The issue, it claims, is one where a user gains full access to you account should you send them money, with the bad actor being able to drain your funds completely. Allegedly, ZenGo has run into this issue quite often in many of the more popular cryptocurrency wallets. They’re calling it baDAPProve. And they’re using their new platform, ZenGo Savings, to solve it.
Essentially, when a user grants a dApp access to their cryptocurrency wallet, sometimes that means they’re granting access to all holdings within that wallet – not just the ones they’re using to interact with it.
“In almost every DApp, when the user connects to it, they unknowingly provide the smart contract associated with the DApp, full access to all of their funds, regardless of their actual usage.
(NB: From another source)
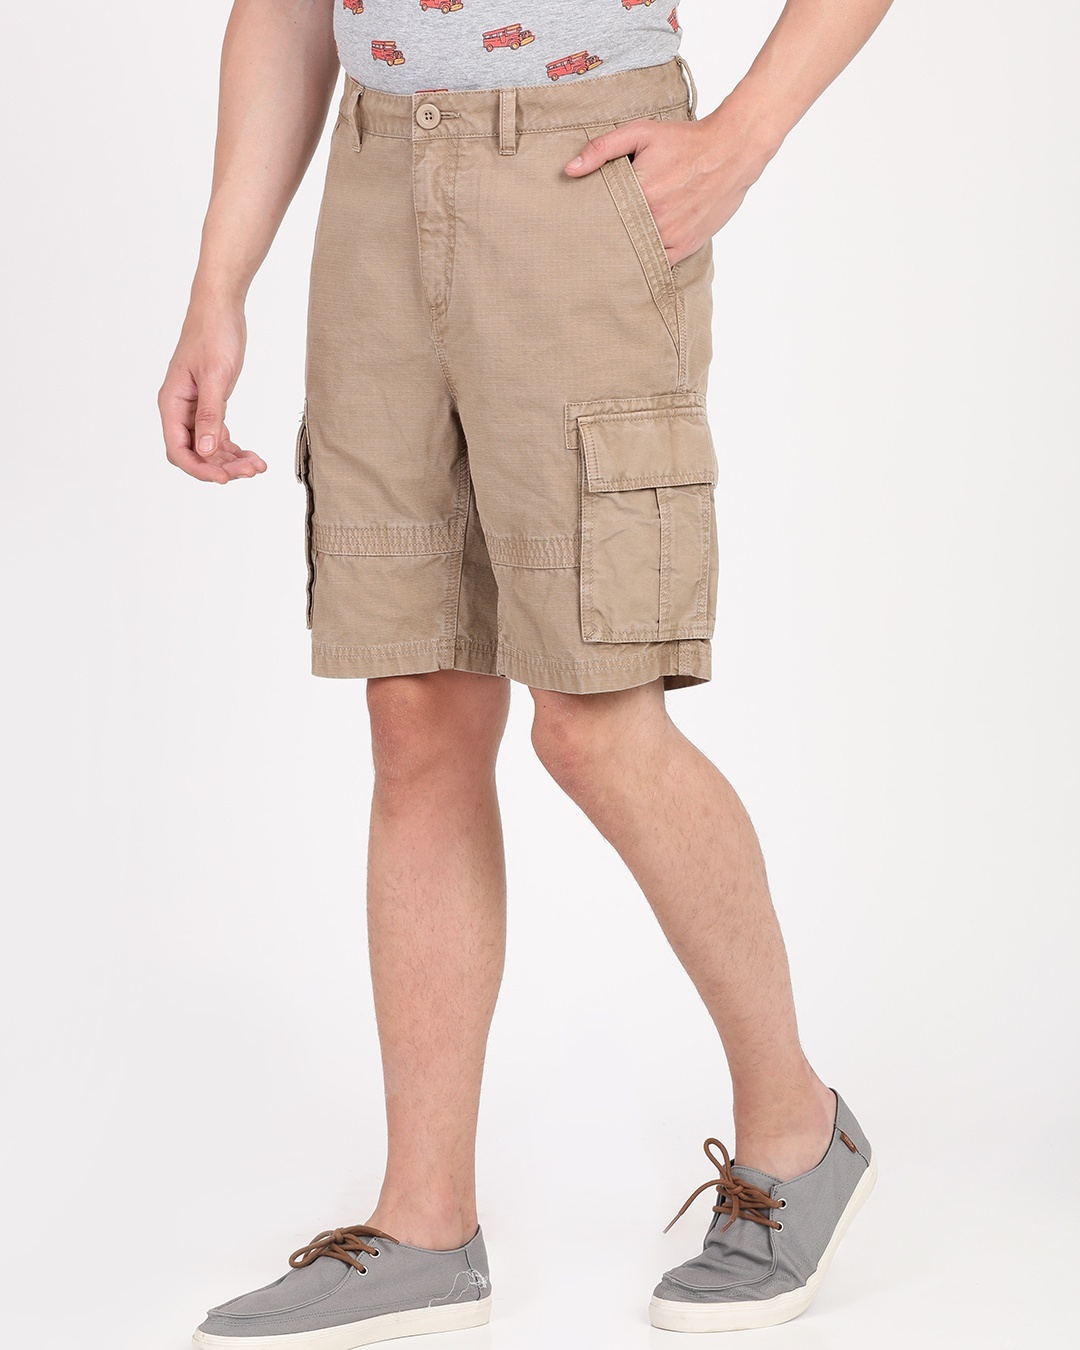 Buy Men's Beige Cotton Shorts for Men Beige Online at Bewakoof

Therefore, even if the user only actually sent a transaction equivalent to $1, an attacker abusing a smart contract vulnerability can withdraw all of the user’s holdings of that specific asset,” the post reads. Also, most dapps fail to communicate this.
ZenGo will solve this by creating a brand new user experience within their application. When they’re sending money, the apps approved sum is only that of which the user intends to send. Essentially, this limited amount is being confirmed twice, rather than entire access to the wallet being confirmed – allowing a bad actor to take advantage of that connection.
It appears that ZenGo will implement this feature not only within their application but within other DeFi applications as well. They’ve already spoken to platforms like Opera about implementation.